A radiant debut collection of linked stories from a two-time Pushcart Prize nominee, set in a German-occupied town in Poland, where tales of myth and folklore meet the real-life monsters of the Nazi invasion.
1942. With the Nazi Party at the height of its power, the occupying army empties Poland’s towns and cities of their Jewish populations. As neighbor turns on neighbor and survival often demands unthinkable choices, Poland has become a moral quagmire—a place of shifting truths and blinding ambiguities.
Blending folklore and fact, Helen Maryles Shankman shows us the people of Wlodawa, a remote Polish town: we meet a cold-blooded SS officer dedicated to rescuing the creator of his son’s favorite picture book, even as he helps exterminate the artist’s friends and family; a Messiah who appears in a little boy’s bedroom to announce that he is quitting; a young Jewish girl who is hidden by the town’s most outspoken anti-Semite—and his talking dog. And walking among these tales are two unforgettable figures: the enigmatic and silver-tongued Willy Reinhart, Commandant of the forced labor camp who has grand schemes to protect “his” Jews, and Soroka, the Jewish saddlemaker and his family, struggling to survive.
Channeling the mythic magic of classic storytellers like Sholem Aleichem and Isaac Bashevis Singer and the psychological acuity of modern-day masters like Nicole Krauss and Nathan Englander, In the Land of Armadillos is a testament to the persistence of humanity in the most inhuman conditions.
|Product dimensions:||5.80(w) x 8.50(h) x 1.10(d)|
About the Author
Helen Maryles Shankman’s stories have been nominated for two Pushcart Prizes. She was a finalist in Narrative Magazine’s Story Contest and earned an Honorable Mention in Glimmer Train’s Short Story Award for New Writers competition. Her stories have appeared in The Kenyon Review, Gargoyle, Cream City Review, 2 Bridges Review, Grift, Jewishfiction.net, and other publications. She is the author of the critically acclaimed novel The Color of Light and the story collection They Were Like Family to Me. She lives in New Jersey, with her husband and four children.
Words like Brushstrokes
The booksellers who sit on our Discover Great New Writers selection committee can't stop talking about Helen Maryles Shankman's debut, In the Land of Armadillos. Set in Poland in 1942 at the height of the Nazis' power, this haunting collection of linked short stories that reads like a novel blends folklore and history into a single unforgettable voice. Delusions and denial, hope and atonement coexist in these finely wrought narratives full of clever reveals. Shankman has a fine arts background, and her paintings have been displayed in numerous exhibitions in and around New York City, and we asked her to tell us about how she employs such different media to tell stories. Miwa Messer, Director, Barnes & Noble Discover Great New Writers
There are times I want to tell a story with a brush and a tube of paint. There are times I want to paint a palace with my words.
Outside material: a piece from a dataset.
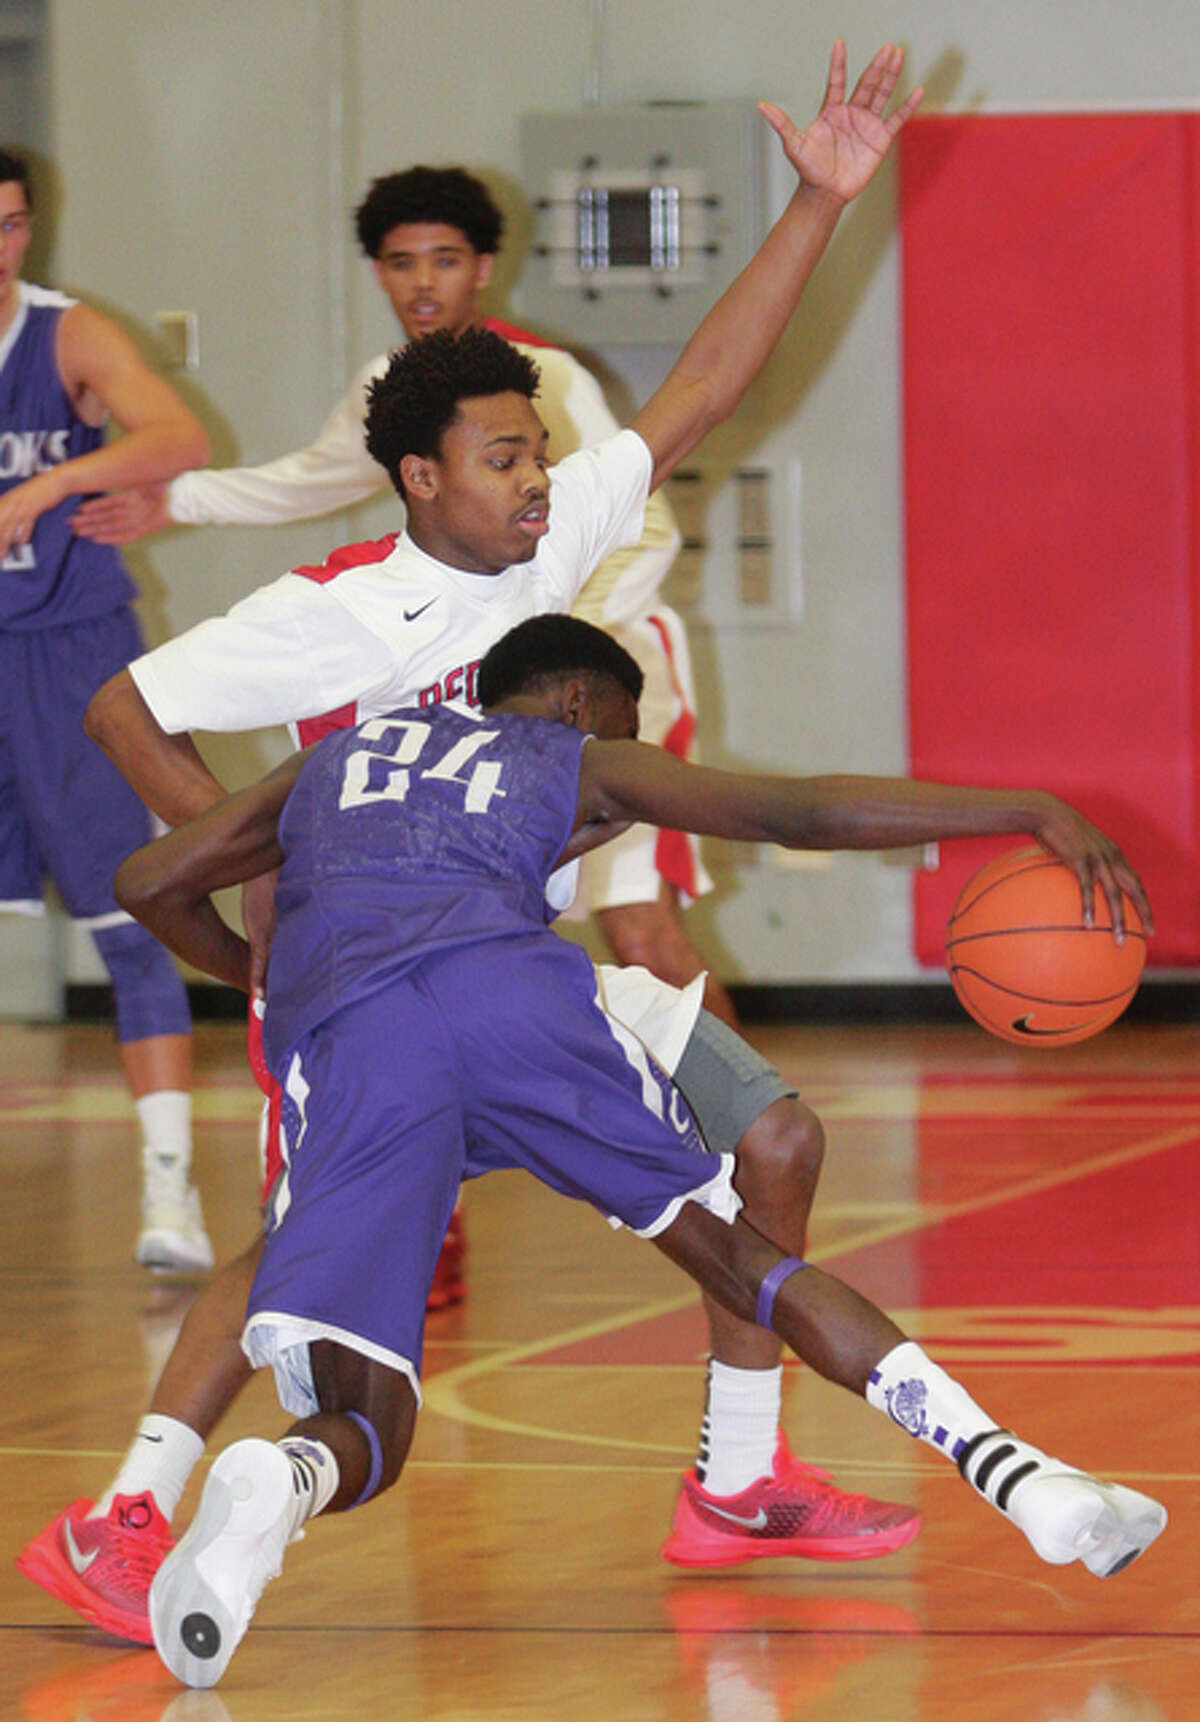 Alton’s Jordan Golley defends Collinsville’s Ronnie Midgett (24) on the perimeter during the Redbirds’ SWC victory Dec. 18 at Alton High. The 6-2 Redbirds hit the holidays unbeaten and tied for first in the Southwestern Conference race at 4-0.

Plain, unadorned sentences function like the background in a painting, moving the story forward, framing, but not detracting from, the main action. Or they provide contrast to long, compound sentences heavy with lazily unfurling syllables and clauses.
Used another way, the stripped down sentence becomes a splash of bright color, riveting the reader's attention with starkness and simplicity, like the yellow trousers on the doomed man in Goya's The Third of May, 1808.
I work as an artist. But when I write, I still depend on the building blocks of art: color, texture, and composition. Color is description, the way sights and sounds and smells breathe life into a list of words. Texture is the nature of the writing itself; should I use dialogue or narrative in this passage? Exposition or summary? I think about where the highlights will go, and what I can hide in the shadows. I compose the narrative arc of the plot, and the path my characters will travel.
When I paint, my gaze roves restlessly over the surface of the canvas, checking the work in progress against my original sketches, scanning my reference photos for accuracy and detail. When I paint, my eyes are wide open.
But to write, I must close my eyes. Back I travel, through the inky black waters of memory, dredging up places and events and passions, trying to recall the way the air smelled of rain and electricity that day, or cigarettes and orange peels. Behind my eyelids I flicker through a slide show of remembered settings, or rekindle the sensation of a particular moment. Only with my eyes shut can I shuffle through emotions like they're a pack of cards, deciding which one to play.
Painting is how I escape my demons. Writing means facing them down.
Originally, I planned to be an illustrator, to tell stories with the pictures I made. But eventually, I found that pictures weren't enough. I needed words. Big words, small words, fancy words, dirty words, lyrical words, foreign words, words I could taste and words I could see, words that syncopated with music and rhythm, words that twirled off my tongue and ran through my fingers and fastened themselves to the page. It seemed as though I'd been running along the ground for years, flapping my wings the whole time. The day I began to write was the day I learned to fly.
Helen Maryles Shankman
Most Helpful Customer Reviews
This collection of interwoven tales by Helen Maryles Shankman demonstrates her mastery of the form of the short story. Based, in part, on her mother's family's experiences during the Nazi-occupied Poland of W.W. II, Shankman evokes this vanished world in a seemingly effortless manner. Her prose is both incandescent and unsparing, and the images she paints have stayed with me long after reading. [Note: I was an early reader for some of these stories.] While each story can stand on its own, I found myself going back and forth as the next story mentioned events or individuals from previous stories. Each piece also contains some fantastic elements, and I found the title story most evocative of the writer Bruno Schulz's work, particularly his phantasmagoric jungle wallpaper. I can't wait to read more. Brava!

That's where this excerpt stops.